What are you researching? Dr. Annika Hollnagel

May 2023

Combining known and unknown physics

“I'm researching hardware for detectors in particle physics, especially neutrino physics. We are currently developing a new experiment. It's called SHiP, which stands for “Search for Hidden Particles”. However, we don't just want to search for previously hidden, new particles, but also take a closer look at known particles, in particular tau neutrinos – and thus combine known and unknown physics.

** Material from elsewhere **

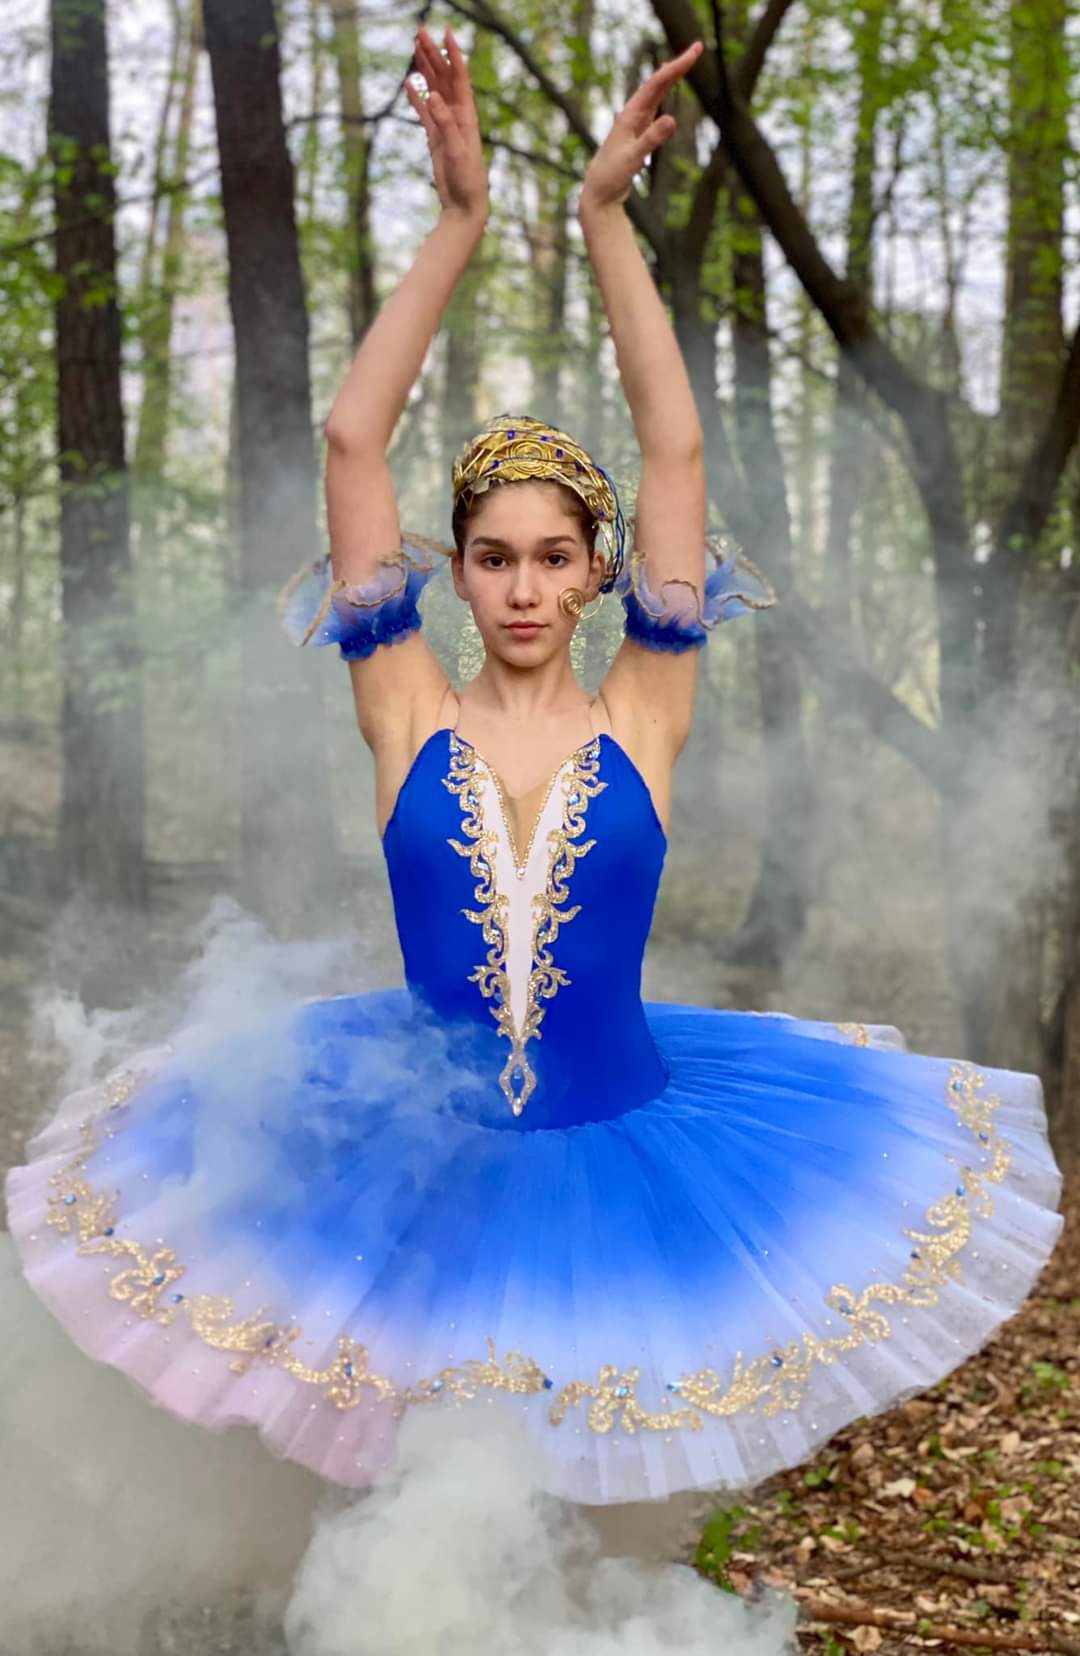 tutu szycie paczka baletowa klasyczna stroje baletowe Bluebird Florina ballet costumes stage custom made rtw yagp

In Mainz, we are concentrating on a sub-detector, the so-called “Surrounding Background Tagger”, or SBT for short. The central experimental chamber of SHiP is a 50-meter-long vacuum vessel inside which we want to study rare particle decays. To enable a background-free measurement, it is very important that all particles that enter this decay volume from outside are identified – i.e. “tagged”. For this purpose, the SBT encases the entire vacuum vessel with a layer of 20-centimeter-thick liquid scintillator segments equipped with Wavelength-shifting Optical Modules (WOMs) and silicon photomultipliers (SiPM) as readout units. The WOM technology was first proposed for the IceCube experiment: we are working closely with Sebastian Böser's group here at the site to develop it further.

©: Angelika Stehle

In this phase of the experiment, it is possible to contribute your own ideas and thus influence the detector development. We have already been able to carry out four test beam measurements with increasingly sophisticated detector prototypes at CERN and DESY. These are important milestones on the way to the final detector design. Finally, we want to operate SHiP at CERN's SPS proton accelerator: at a future “Beam Dump Facility” (BDF), the high-energy and intense proton beam will be used to produce neutral, heavy particles. Studies of their decays will then allow us to delve deeper into the “HiddenSector”.”

Dr. Annika Hollnagel has been a postdoc in Professor Michael Wurm's group since 2017. She previously completed her PhD in Hamburg on the OPERA experiment, which used a muon neutrino beam to research oscillation in tau and electron neutrinos. In Mainz, she is impressed by how internationally neutrino physics is set up.